[INPUT DATA]
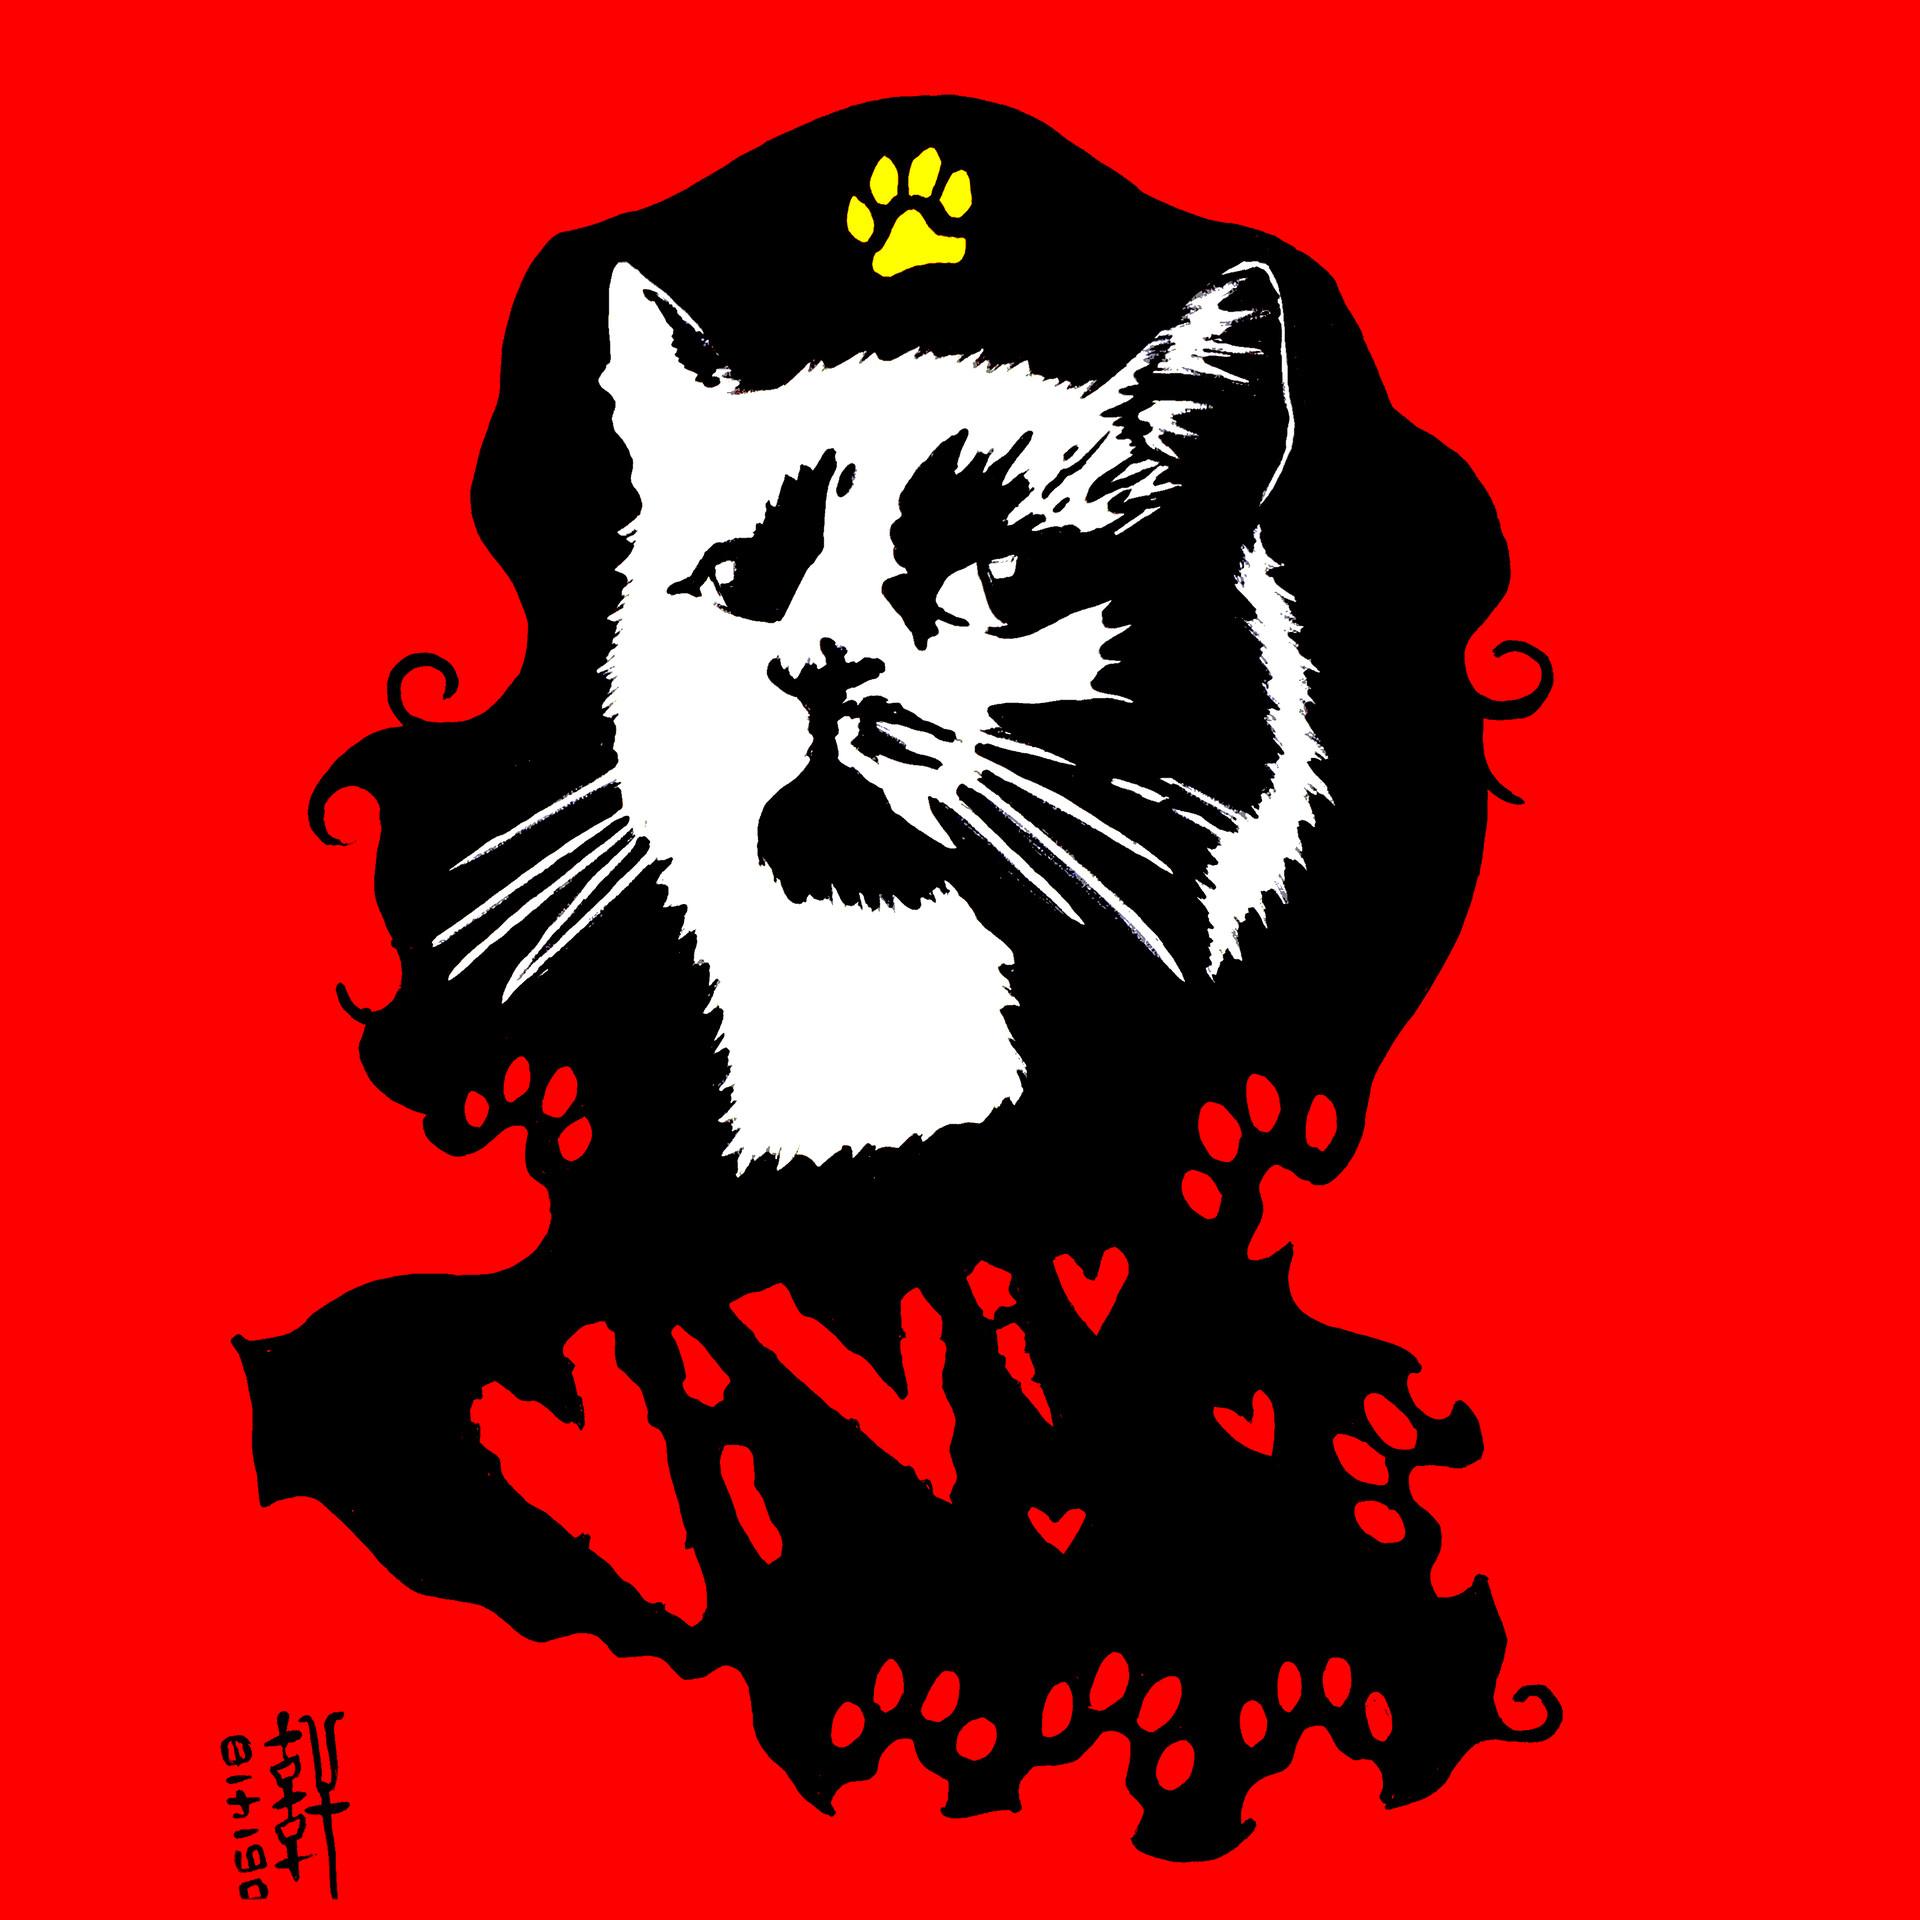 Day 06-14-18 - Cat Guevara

---

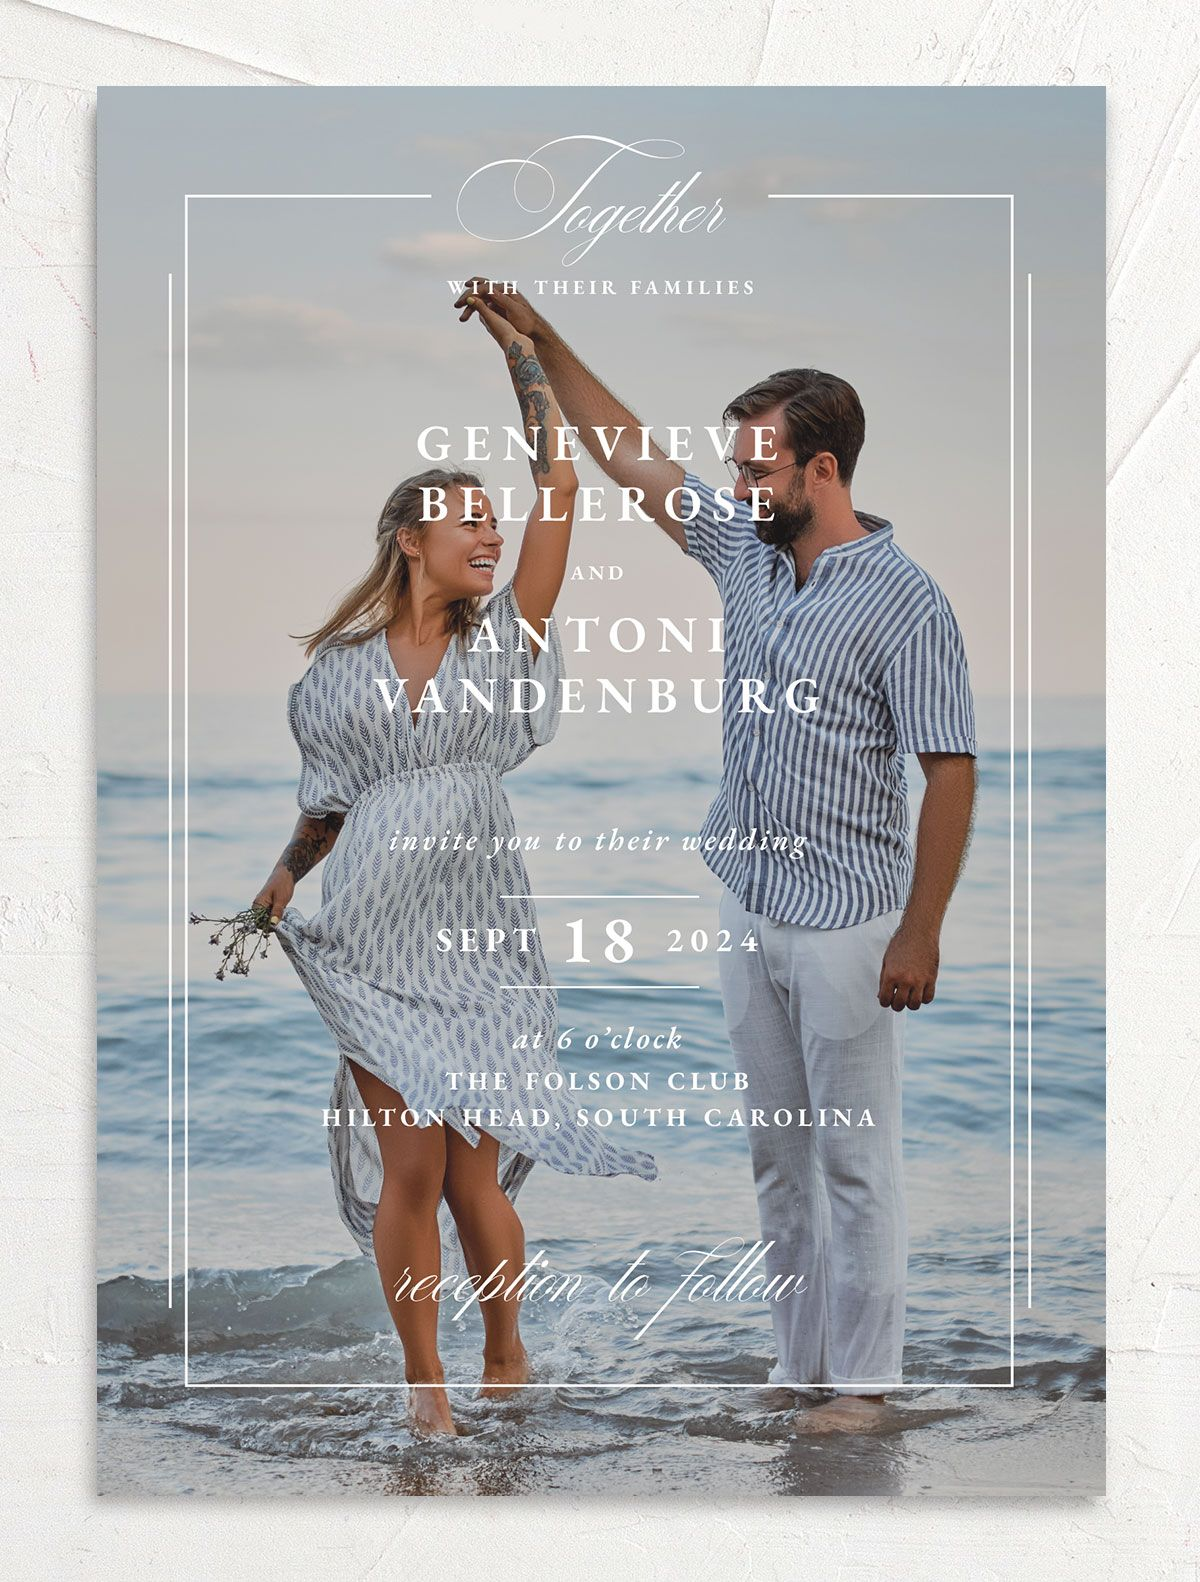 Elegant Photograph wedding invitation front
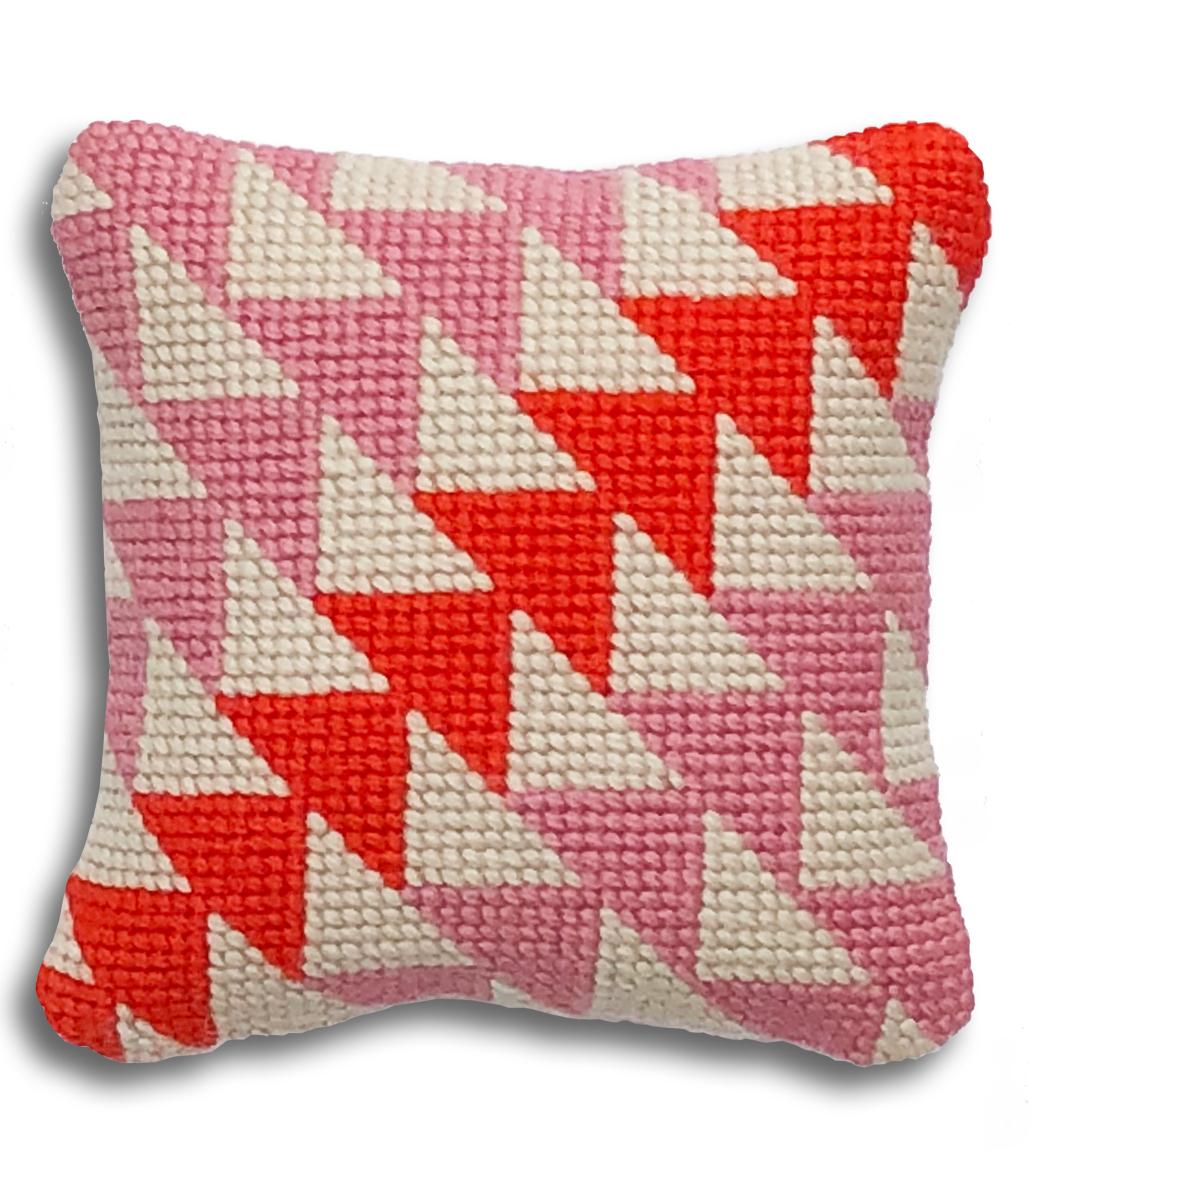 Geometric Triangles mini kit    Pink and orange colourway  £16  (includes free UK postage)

[EXERCISE PROMPT]
Look above for the line with "Elegant Photograph wedding invitation front" and the line with "Geometric Triangles mini", then copy exactly the lines from the first through the second, both kept, with no pictures.

[ANSWER TO THIS TASK]
 Elegant Photograph wedding invitation front
 Geometric Triangles mini kit    Pink and orange colourway  £16  (includes free UK postage)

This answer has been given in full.